Studio album by The Hotelier
- Released: January 2, 2011
- Recorded: 2010
- Genre: Indie rock; pop punk;
- Length: 29:41
- Label: Tiny Engines

The Hotelier chronology
| We Are All Alone (2009) | It Never Goes Out (2011) | Home, Like Noplace Is There (2014) |

= It Never Goes Out =

It Never Goes Out is the debut studio album by the American rock band The Hotelier. It was originally released on January 2, 2011, and later re-released in 2015 after the band was signed by the Carolina-based record label Tiny Engines.

== Style ==
The album's style has been described as "an auspicious album of anti-establishment pop-punk written by angsty high schoolers."

Professional ratings
Review scores
| Source | Rating |
| Exclaim! |  |
| Pitchfork | (7.7/10) |

==Release==
Following their founding in 2009, the group released a two-song demo and a short EP titled We Are All Alone under the name The Hotel Year.
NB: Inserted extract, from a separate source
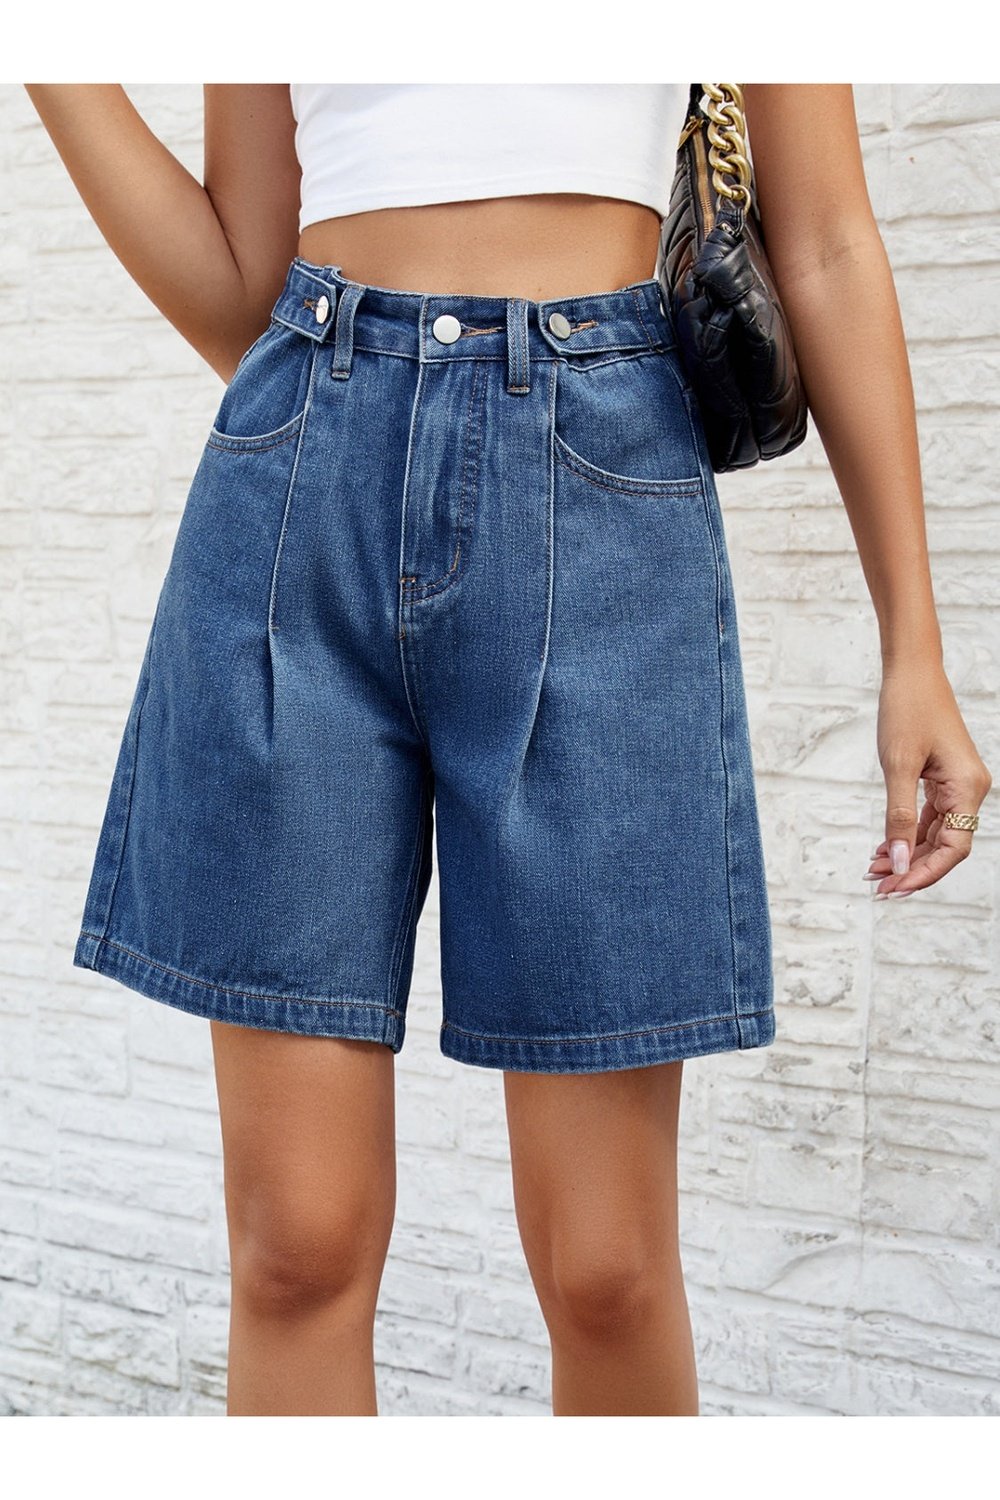 High Waist Denim Shorts with Pockets - Denim Shorts - FITGGINS

The releases didn't draw much attention outside of the band's home state of Massachusetts.

The debut full length was written when all of the band's members were in their late teens. It was recorded in 2010 and released on January 2, 2011. After the success of their second LP, titled Home, Like Noplace Is There, the record was re-released in early 2015 with a different album cover.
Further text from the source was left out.